U.S. Congresswoman Sylvia Garcia called it “silly” that anyone would try to invalidate the drive-thru votes.

“When you set up a process, you plan it, you vet it,” she said. “I think sometimes when people are desperate and they see they’re losing, they do things like this.”

Hollins said the drive-thru option, which Harris County launched this year, is legal and was approved by the Secretary of State’s office. In court filings, the county has noted that its election plans have been public since August, and only after voting started in October did the Republicans file suit.

Attorney General Ken Paxton issued an opinion in October stating that drive-thru voting was not legal.

County Judge Lina Hidalgo on Sunday said tossing the drive-thru ballots would be “an outrageous act of voter suppression.”

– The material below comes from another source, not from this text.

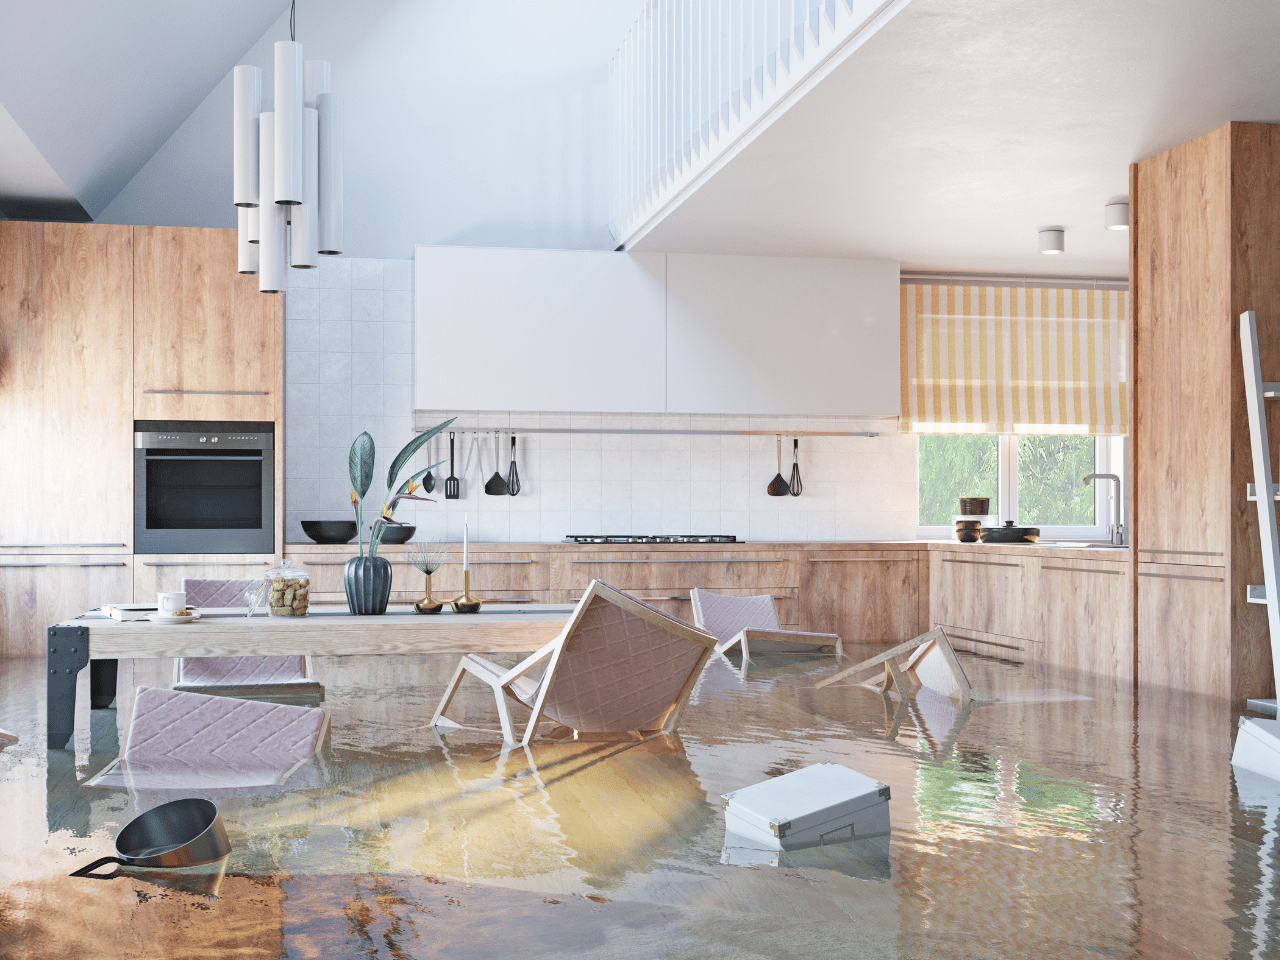 Restoring Your Home After a Flood: A Step-by-Step Water Damage Restoration Process

During the early vote period, 126,988 people voted at the county’s 10 drive-thru sites, 9 percent of the total.

These ballots disproportionately came from precincts won by Hillary Clinton in 2016 and Democratic U.S. Senate candidate Beto O’Rourke two years later, a Houston Chronicle analysis found.

In a ranking of the precincts that produced the most drive-thru votes, the top half of these precincts accounted for 88 percent of these ballots. Clinton won 59 percent support in these precincts, well above her countywide performance.

The trend was even more pronounced in the top quarter of precincts that produced the most drive-thru votes, in which Clinton earned 67 percent of the vote. The bottom half of drive-thru-vote precincts accounted for less than 12 percent of these ballots. There President Donald Trump in 2016 and Republican U.S. Senate candidate Ted Cruz won by slim majorities, slightly above 50 percent, though losing the county badly.